The results of ILR monitoring in the tilt-positive group were similar to those in the isolated syncope group. A documented syncopal event occurred in 8 of 39 tilt-positive patients after a median of 59 days. Asystolic pauses were associated with syncope in 5 of the 8 patients, 1 patient had sinus bradycardia and 1 had sinus rhythm at the time of the episode. Two additional patients in the tilt-positive group had syncope but were unable to activate the ILR. In the tilt-positive group, the actuarial estimates for recurrent syncope were 25%, 30% and 34% at 3, 9, and 15 months, respectively. The estimates of recurrence for the tilt-positive and the isolated syncope groups were not different. Thirteen episodes of presyncope were documented with ILR tracings in 7 patients in this group. Presyncope was associated with either relative bradycardia (2 episodes), normal sinus rhythm (5 episodes), or a supraventricular arrhythmia (6 episodes).

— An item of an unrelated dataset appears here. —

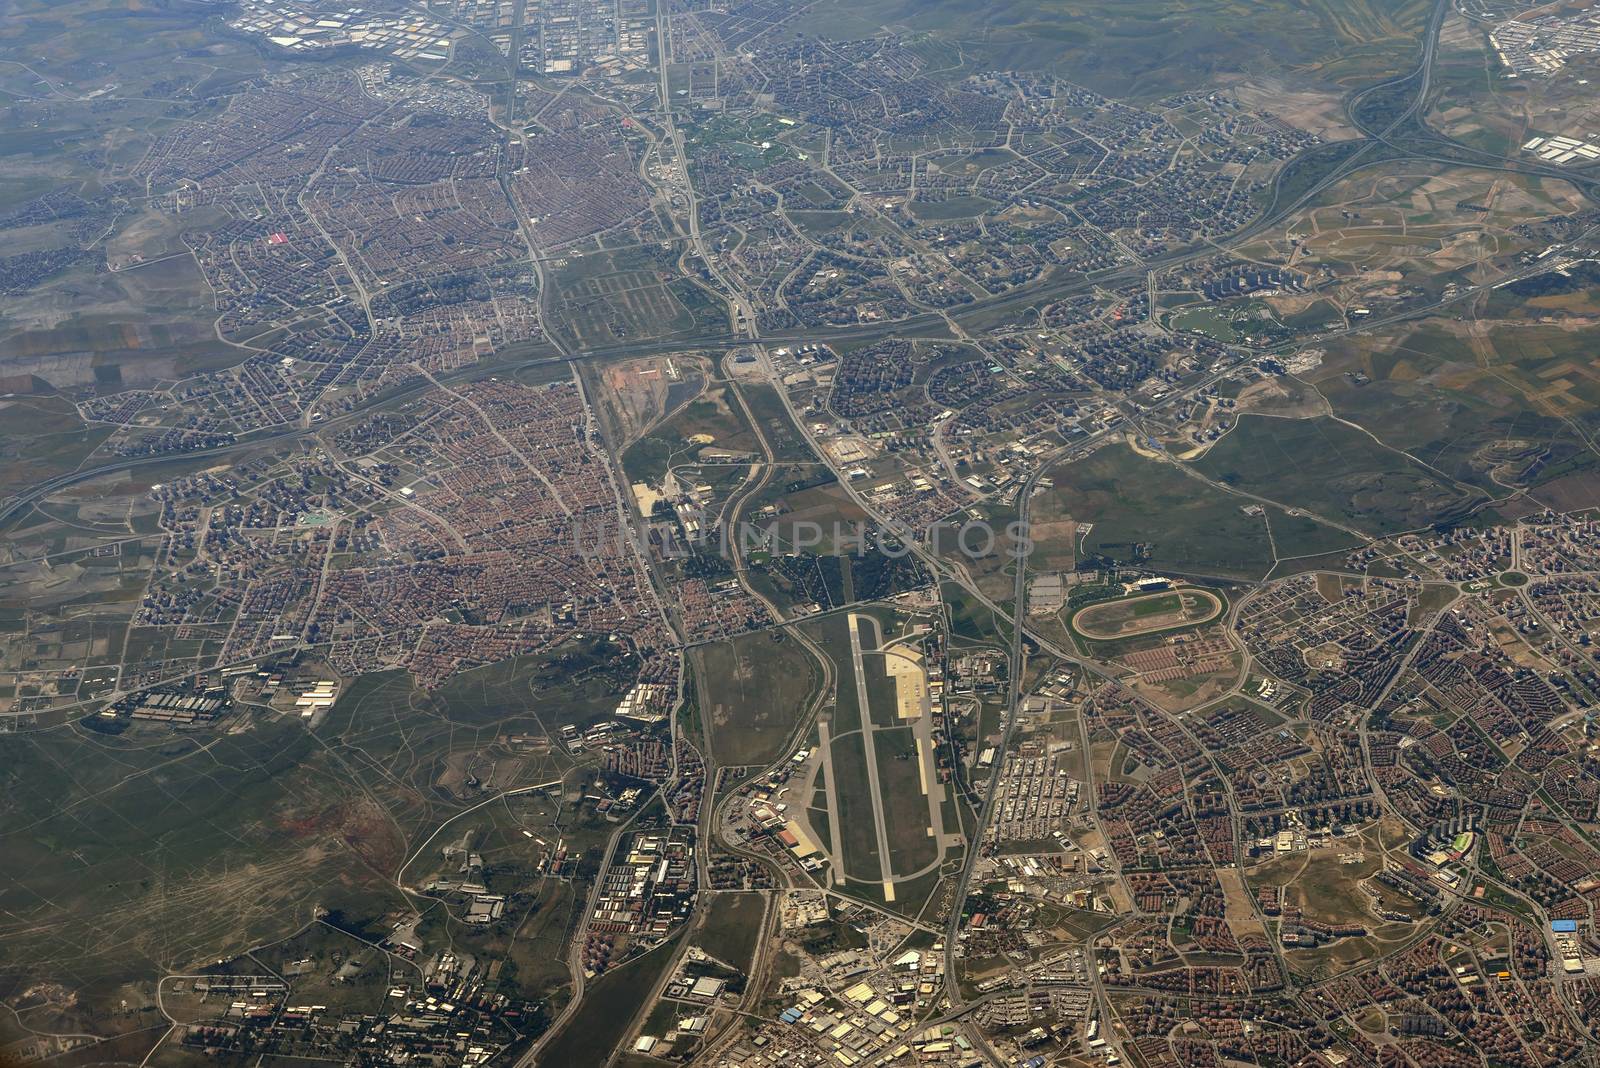 Aerial view of the city. Buildings, fields, trees and roads

Moya et al suggest that intermittent bradycardia accounts for many, but not all, cases of syncope in patients with no or minimal structural heart disease. Supraventricular arrhythmias are uncommon and ventricular arrhythmias were not observed. They also conclude that presyncope cannot be used as a surrogate finding in place of true syncopal episodes. Because of these observations, they feel that interventions, including pacemaker therapy, should be postponed until a definite diagnosis can be made. Tilt-table study evaluation was not helpful in these patients.

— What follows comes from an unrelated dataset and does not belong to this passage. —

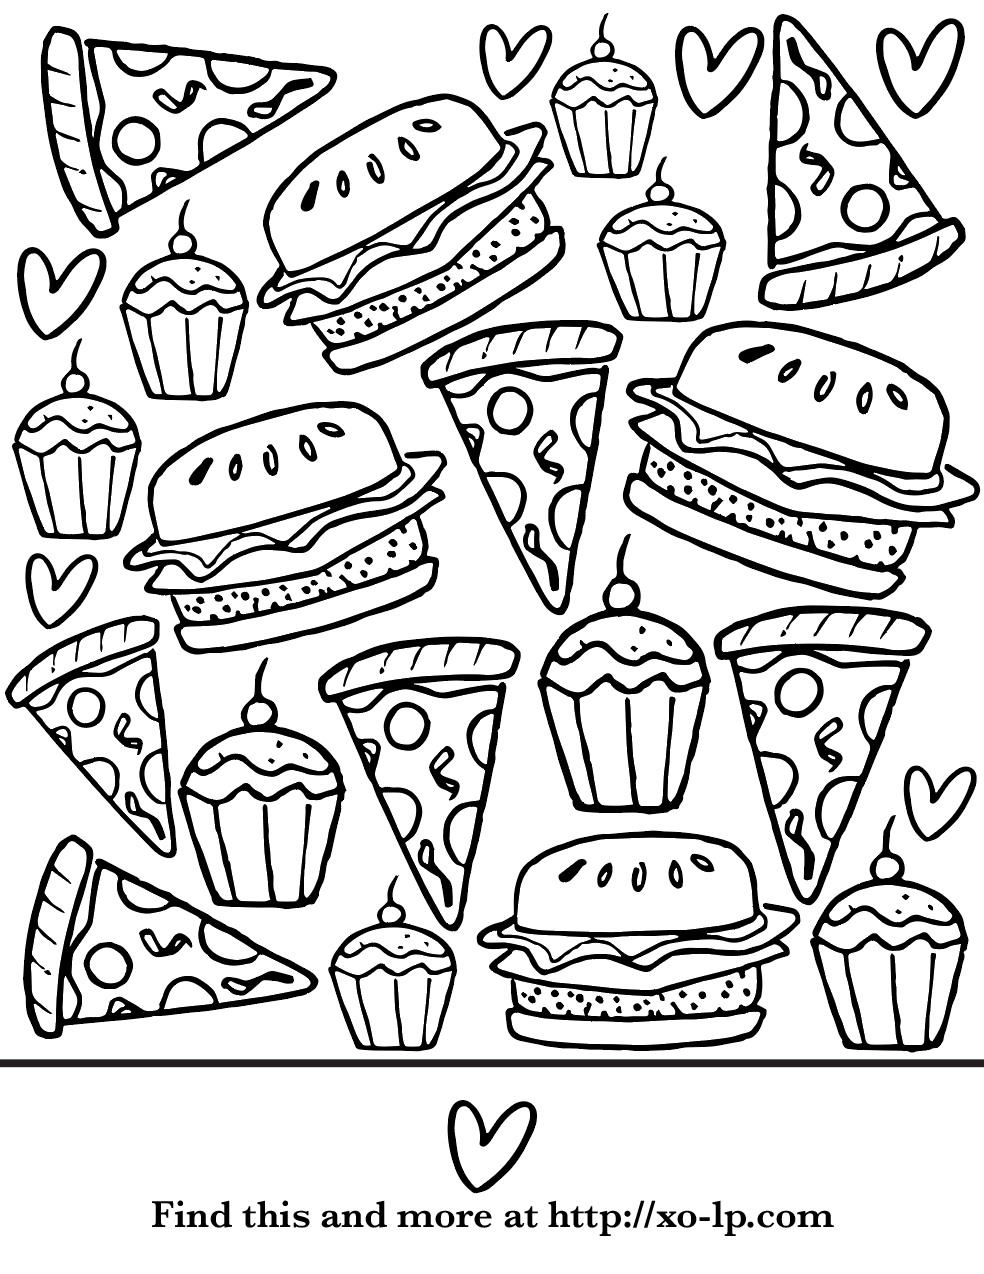 Junk food coloring page food coloring pages cute coloring pages coloring pages

Comment by John P. DiMarco, MD, PhD
Recurrent unexplained syncope continues to be one of the more frustrating problems faced by cardiologists. Fifteen years ago tilt-table studies were introduced for the evaluation of patients with unexplained syncope but their value remains controversial. Data presented in this paper suggest that tilt-table studies reveal results that are neither sensitive nor specific in patients with recurrent unexplained syncope. The recurrence rate was the same in both the tilt-negative and tilt-positive groups. The spectrum of cardiac rhythms documented at the time of syncope were also similar in both groups.
It remains puzzling why tilt-table studies are of such limited value in patients with recurrent unexplained syncope. Clearly, observations made during tilt-table studies have been helpful for understanding of the mechanisms and pathophysiology of neurocardiac syncope in general. Although a tilt-table study can be used to trigger an episode in susceptible individuals, it does not appear to be useful for making a diagnosis or guiding therapy in individual patients.
The patients in this study were relatively old. It is possible that tilt-table studies might be much more helpful in young individuals in whom neurocardiac therapy is more common. However, the data presented here suggest that in older patients, an ILR will provide more useful diagnostic information. It should also be noted that electrophysiologic studies had been performed in 73 of the 111 patients and this may explain the low incidence of tachyarrhythmias noted.